We need you to stop doing this.  We need Australia, a wealthy country with abundant renewable energy but also a major player in the fossil fuel market, to move from laggard to leader in reducing emissions.  We need this election to be a competition over who can do more to cut emissions, not who can do less or a little bit more. 

In the leadup to this election, here are some things we need to see in both your policies.

Increased emissions reduction targets

We don’t need 28% reduction by 2030, or 43%, we need 60%, or 70%.   We don’t need ‘net zero by 2050’, we need actual zero much sooner – by 2035 or 2040.  We don’t need our cuts outsourced to offsets, we need them to be real.

We also need to stop pretending that the emissions generated by our fossil fuel exports are nothing to do with us.  We need to stop expanding our capacity to extract these fuels and start the wind-down of our coal and gas extraction.

Comprehensive, sector by sector plans

To achieve these cuts, we need governments to be working closely with the various sectors of the economy that are responsible for the emissions – electricity, transport, agriculture, construction, industry – to develop emissions reduction plans. 

At the moment, our electricity industry has an excellent plan developed by AEMO which you can easily get behind and help drive instead of dragging your feet over.  In other sectors, you need to work with those who are driving change, not just announce scattergun interventions. 

For instance, in transport it’s great to see some initiatives supporting the roll-out of EVs but we could do so much more on that (for instance, converting the entire government fleet, and introducing emissions standards that reward low- or no-emission vehicles) as well as pay attention to supporting active and public transport to reduce our car-dependence. 

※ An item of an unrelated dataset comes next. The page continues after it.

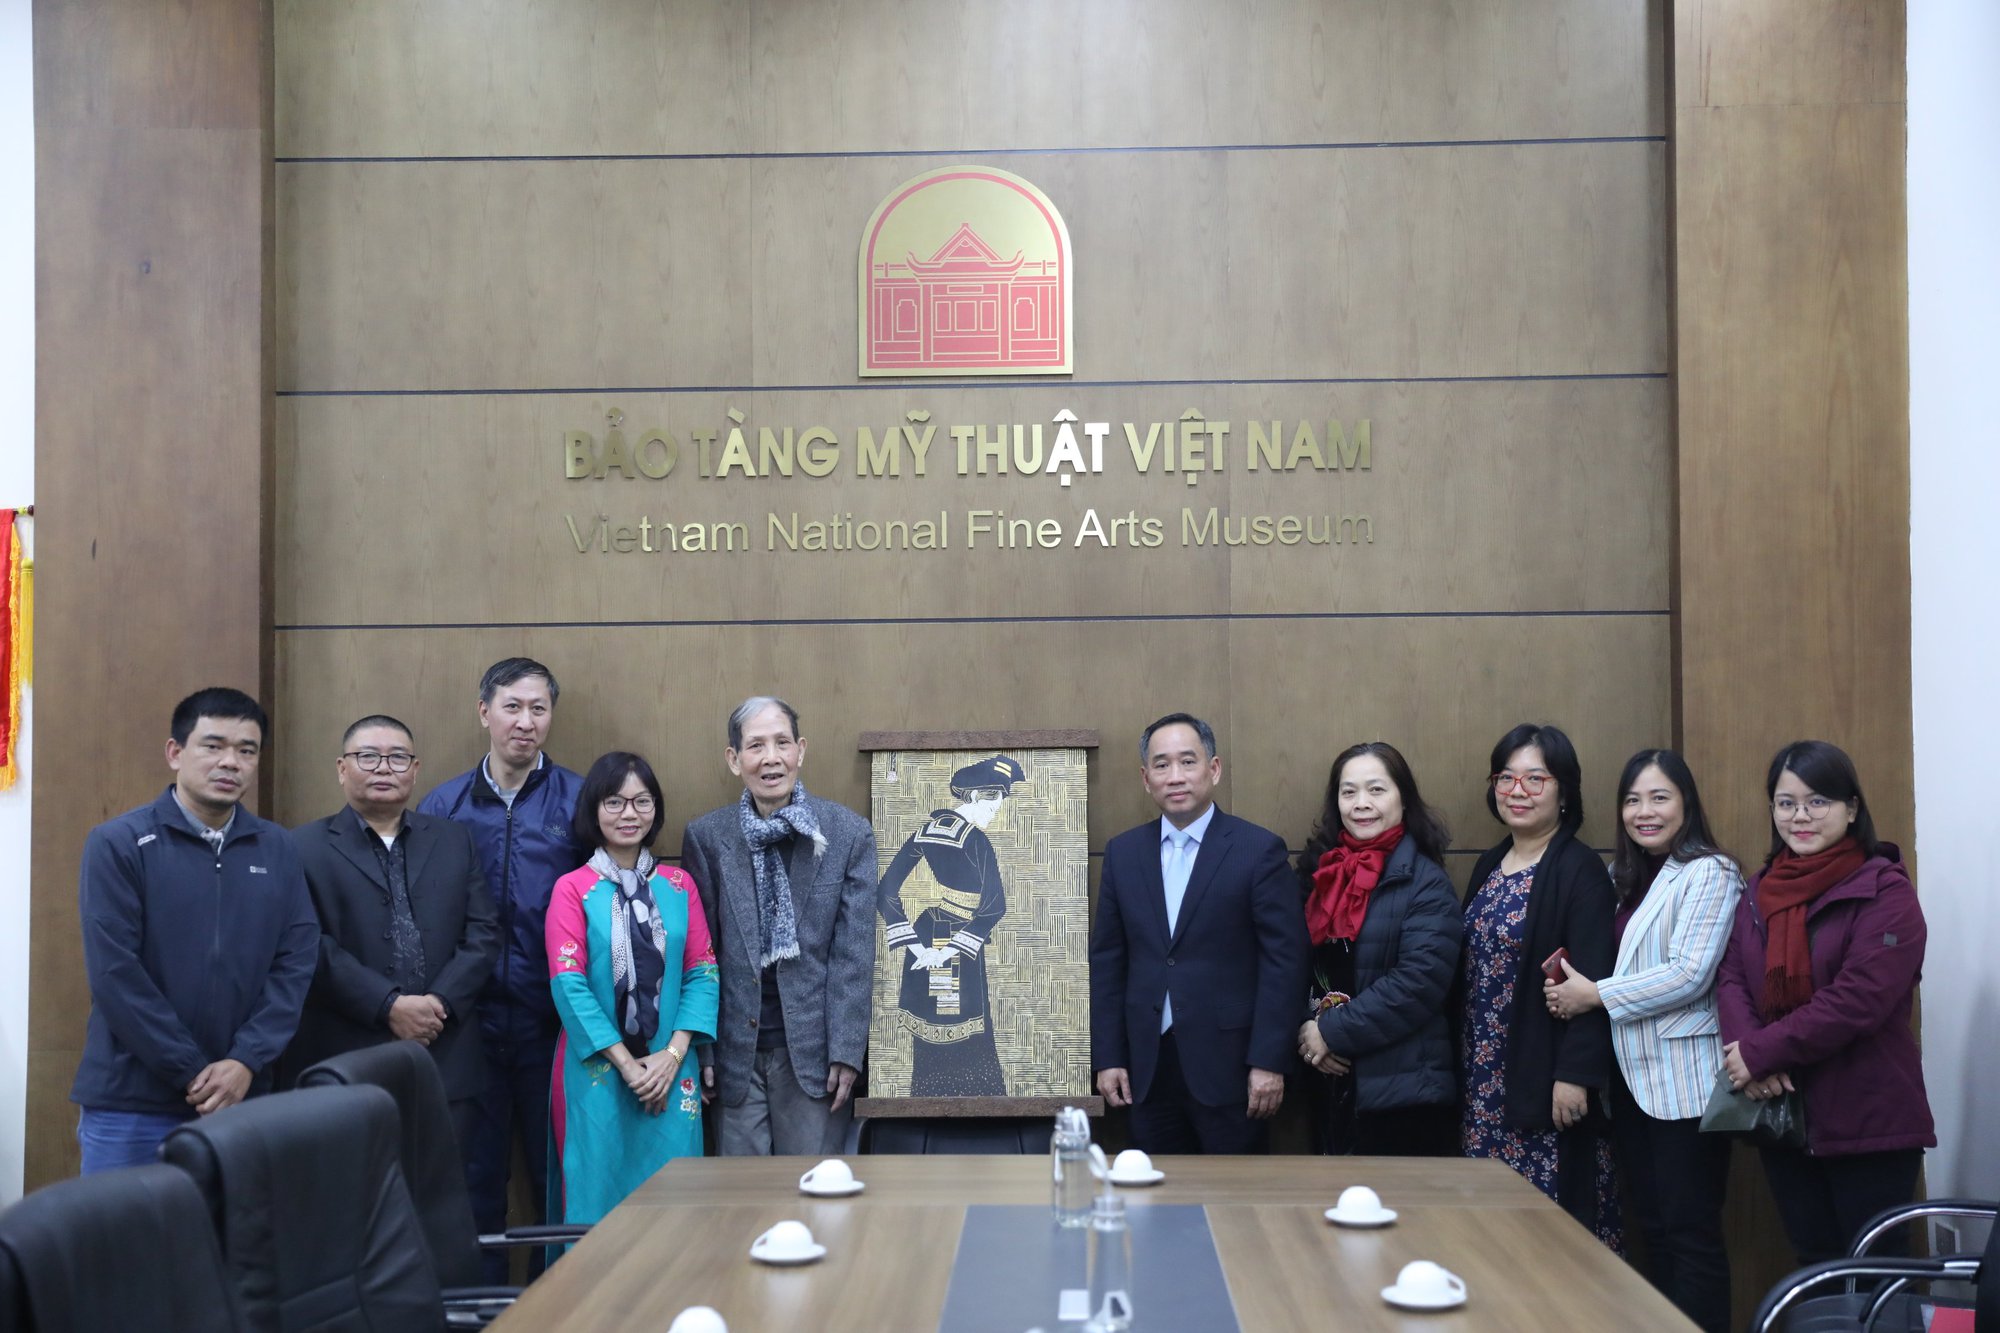 Bảo tàng Mỹ thuật Việt Nam tiếp nhận hai tác phẩm nghệ thuật từ châu Âu trở về - Ảnh 2.
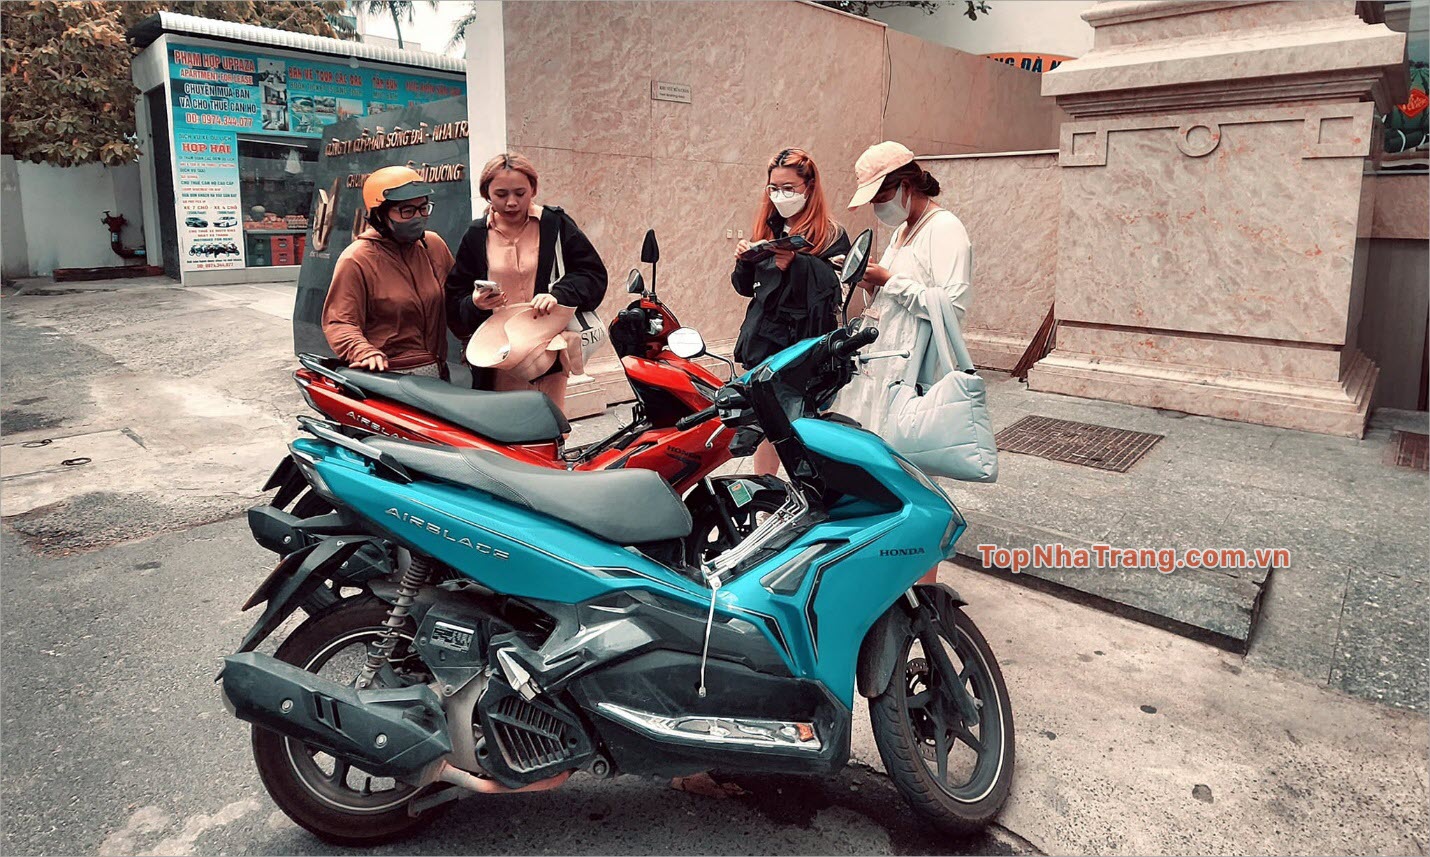 MOTOBIKE  RENTAL – Giao xe tận nhà tại Nha Trang

In agriculture you can work with those in bodies like the Meat and Livestock Corporation, the National Farmers Federation and Farmers for Climate Action to work out what support they need to reduce their impact.  In construction you can work with our housing peak bodies to use the Building Code to continue to drive up expectations of energy efficiency in materials, construction and operation of buildings.  Each sector and industry needs its own plan.

A just transition

Of course we all know that there are people and communities who rely on fossil fuels for their livelihoods.  We need to stop pretending that these jobs and industries can go on indefinitely.  The workers and communities know it can’t.  We need to start working with them to help them develop what comes next, to develop the new industries and new jobs to replace the ones they will lose.  They shouldn’t simply be abandoned to the vagaries of the global market.

Adaptation

I started this letter talking about extreme weather and the impacts of climate change.  These will get somewhat worse even if we and the rest of the world act quickly to reduce our emissions.  If we don’t, they will get dramatically worse.  While we are working to avoid the worst-case scenario, we need to be working with communities around the nation to build resilience – to adapt infrastructure for the new normal and build our disaster response capabilities and preparedness.  In my suburb we need to be as flood-resilient as we can be, lifting our houses above the flood line and ready to respond when needed.  Many people will need help to do this – technical help and advice, financial help. 

Global leader not laggard

My final point – we need to start turning up to the COP conferences, starting with COP27 on Egypt,
ready to be leaders for change.  Instead of blocking progress on key aspects of the Paris accords we need to be finding solutions to the blockages.  Instead of staying out of treaties and coalitions to drive faster cuts we need to be enthusiastic in joining those that exist and promoting new ones.  To signal our seriousness, we need to stop peppering our delegations with fossil fuel executives and sponsoring fossil fuel promotions, and instead showcase innovative zero- or negative-emissions technologies and projects.  We need to put our energy behind increased ambition and momentum across the globe


Let’s make 2022 the year we end the climate wars and replace them with a climate championship in which the winner is the party that can do the most, the fastest.  Our communities, and our children and grandchildren, are depending on it.